Given the hypothesis
$$ H_0 : a=b=1 \space vs\space H_1 : a=b=\frac{1}{2} $$
I want to find the Most Powerful test.
Well, we know by the Neyman-Pearson lemma that: $$ \frac{f(\widetilde{x}/\theta_1)}{f(\widetilde{x}/\theta_0)} > k $$ to some $$ k > 0 $$ we will have a UMP with size $$ \alpha=0.05 $$ such that $$ P(X \space \epsilon \space R | \theta = \theta_0) = \alpha $$
Then,
$$ \frac{f(\widetilde{x}/\theta_1)}{f(\widetilde{x}/\theta_0)}= \frac{1}{\pi} x^{-\frac{1}{2}} (1-x)^{-\frac{1}{2}} > k$$
If I were to graph that I would get a global minimum at $x=\frac{1}{2}$ and that the support $x \in [0,1]$ but I am not sure where to go from here.
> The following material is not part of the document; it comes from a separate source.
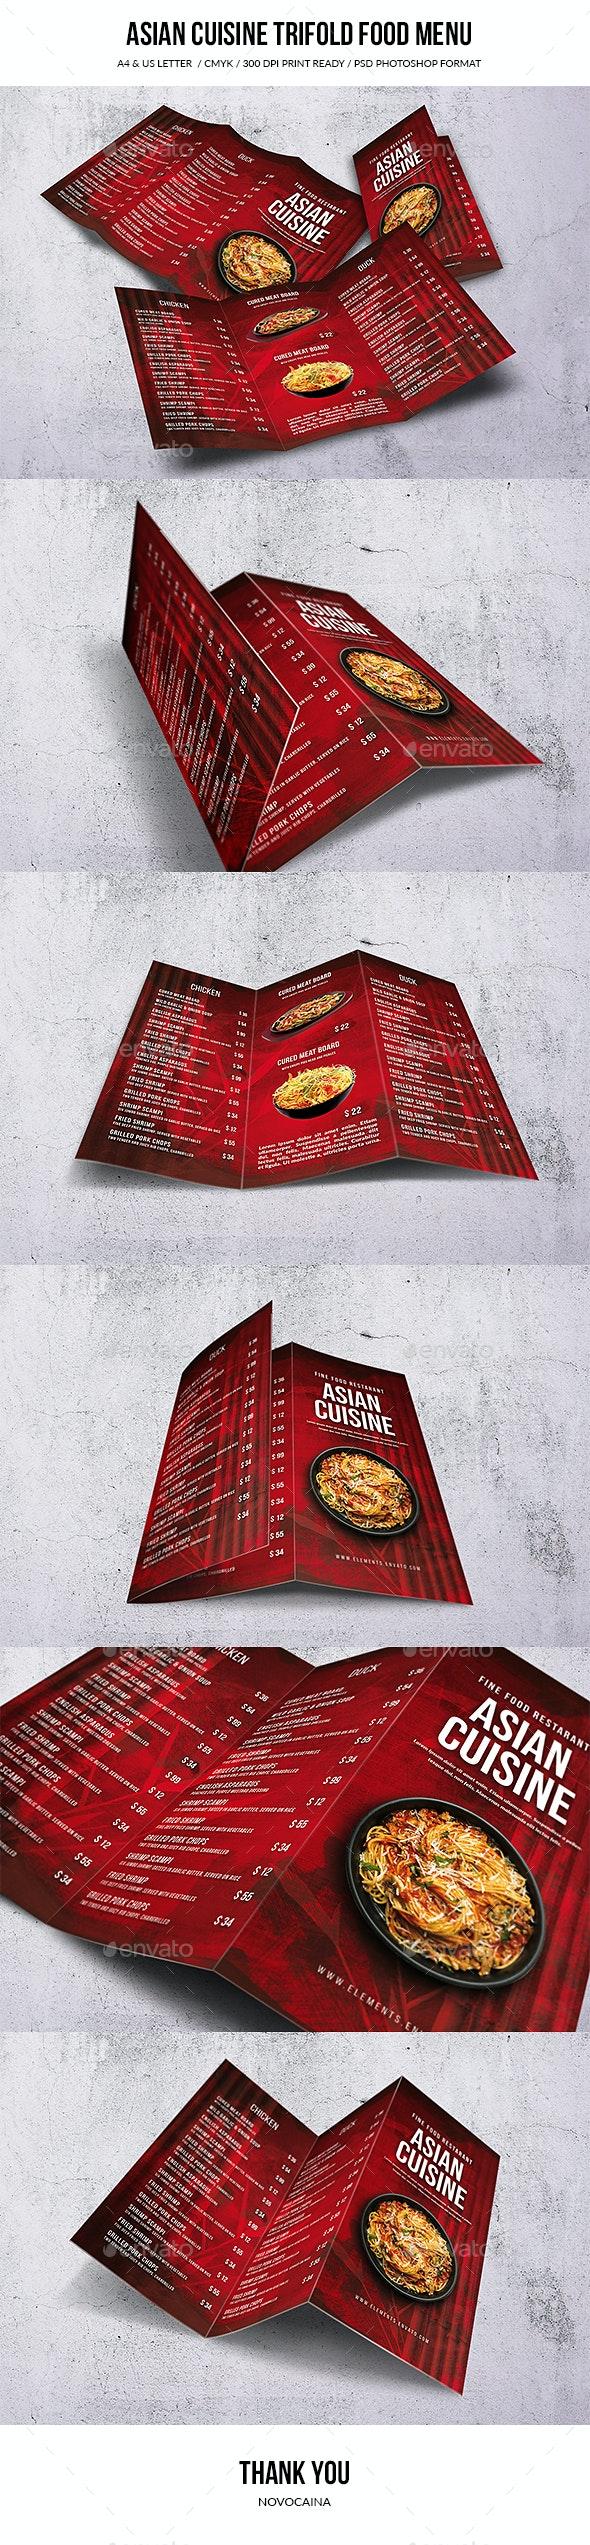 Asian Cuisine A4 & US Letter Trifold Food Menu - Food Menus Print Templates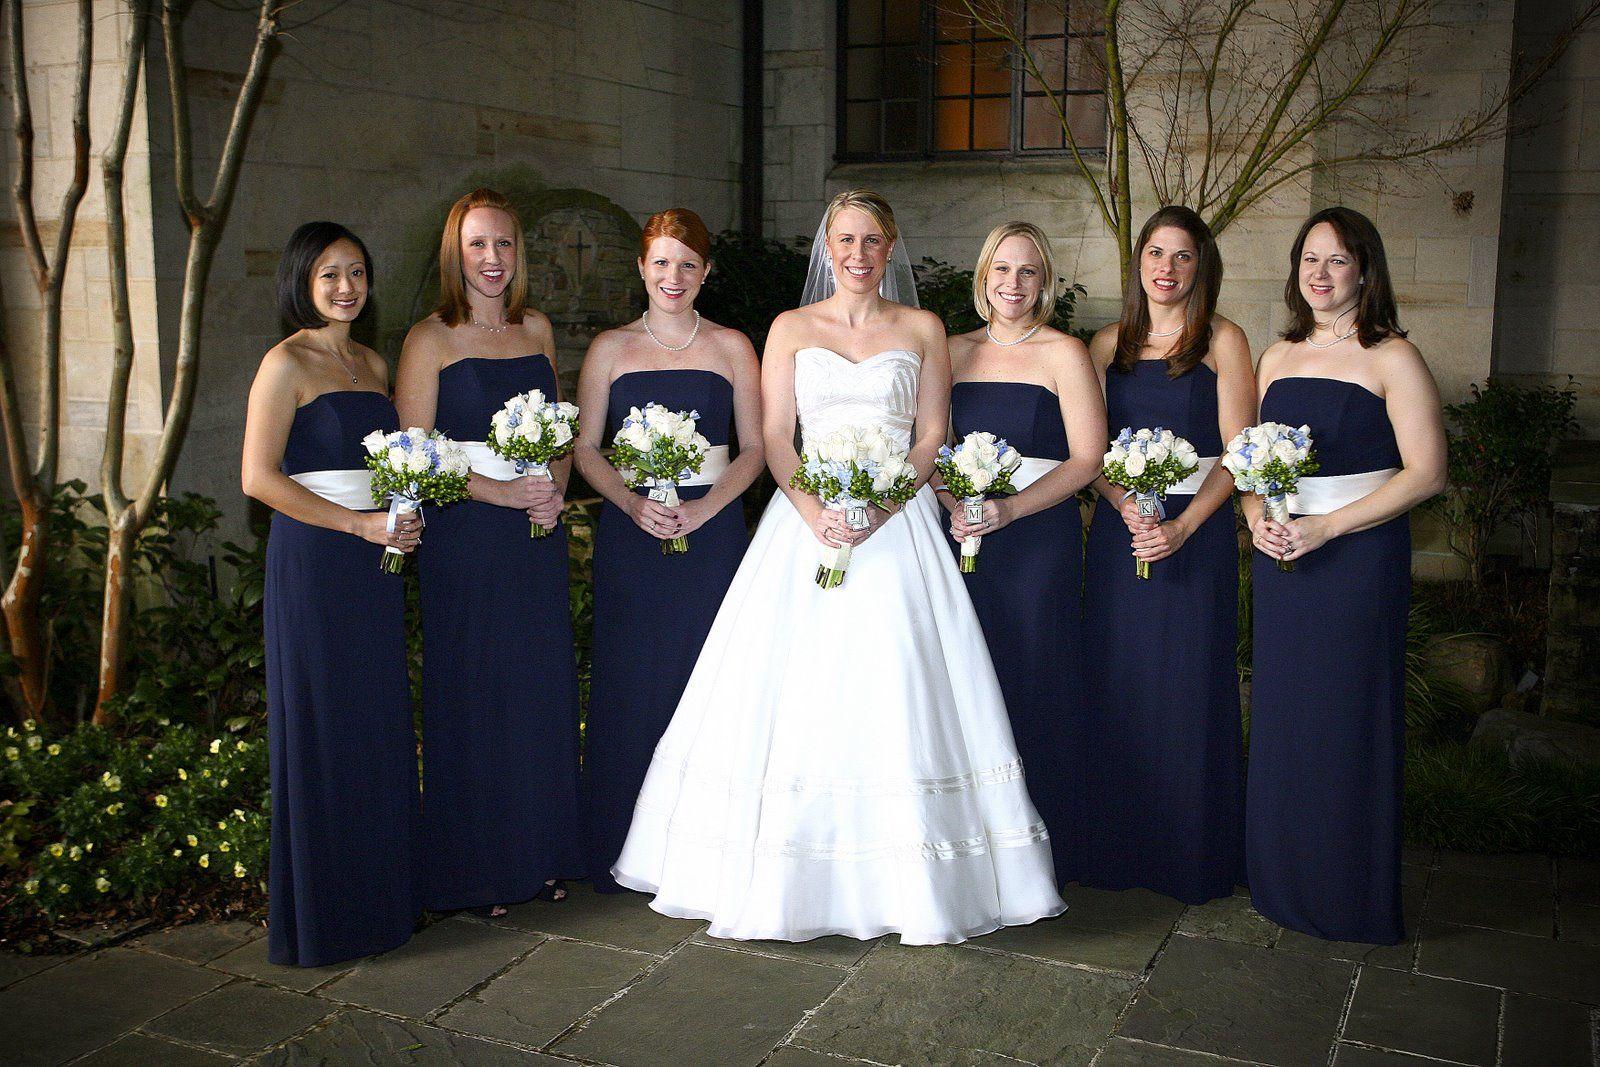 Wedding dresses department stores  Navy and Ivory Bridesmaid Dresses  Nicholeus Wedding  Pinterest

Just to mention that is a self-study thing! Thank you in advance.
Symmetry tells us our rejection region is of the form $$ |x-\frac{1}{2}|> f(k).$$ (If you do the algebra, it is $f(k)=\sqrt{\frac{1}{4} - \frac{1}{\pi^2 k^2}}$.) So it's the region outside of some interval centered inside $(0,1)$.
Since our null hypothesis is a uniform distribution, we don't even need to go through anything more than mental math: this immediately means that for $\alpha=0.05$ we reject if $0<x<0.025$ or if $.975<x<1.$
If you want to get a $k$, you just solve for $f(k) = 0.475,$ but it seems almost counterproductive to do so. You might want to compute the power by integrating the $beta(1/2,1/2)$ distribution over the rejection region.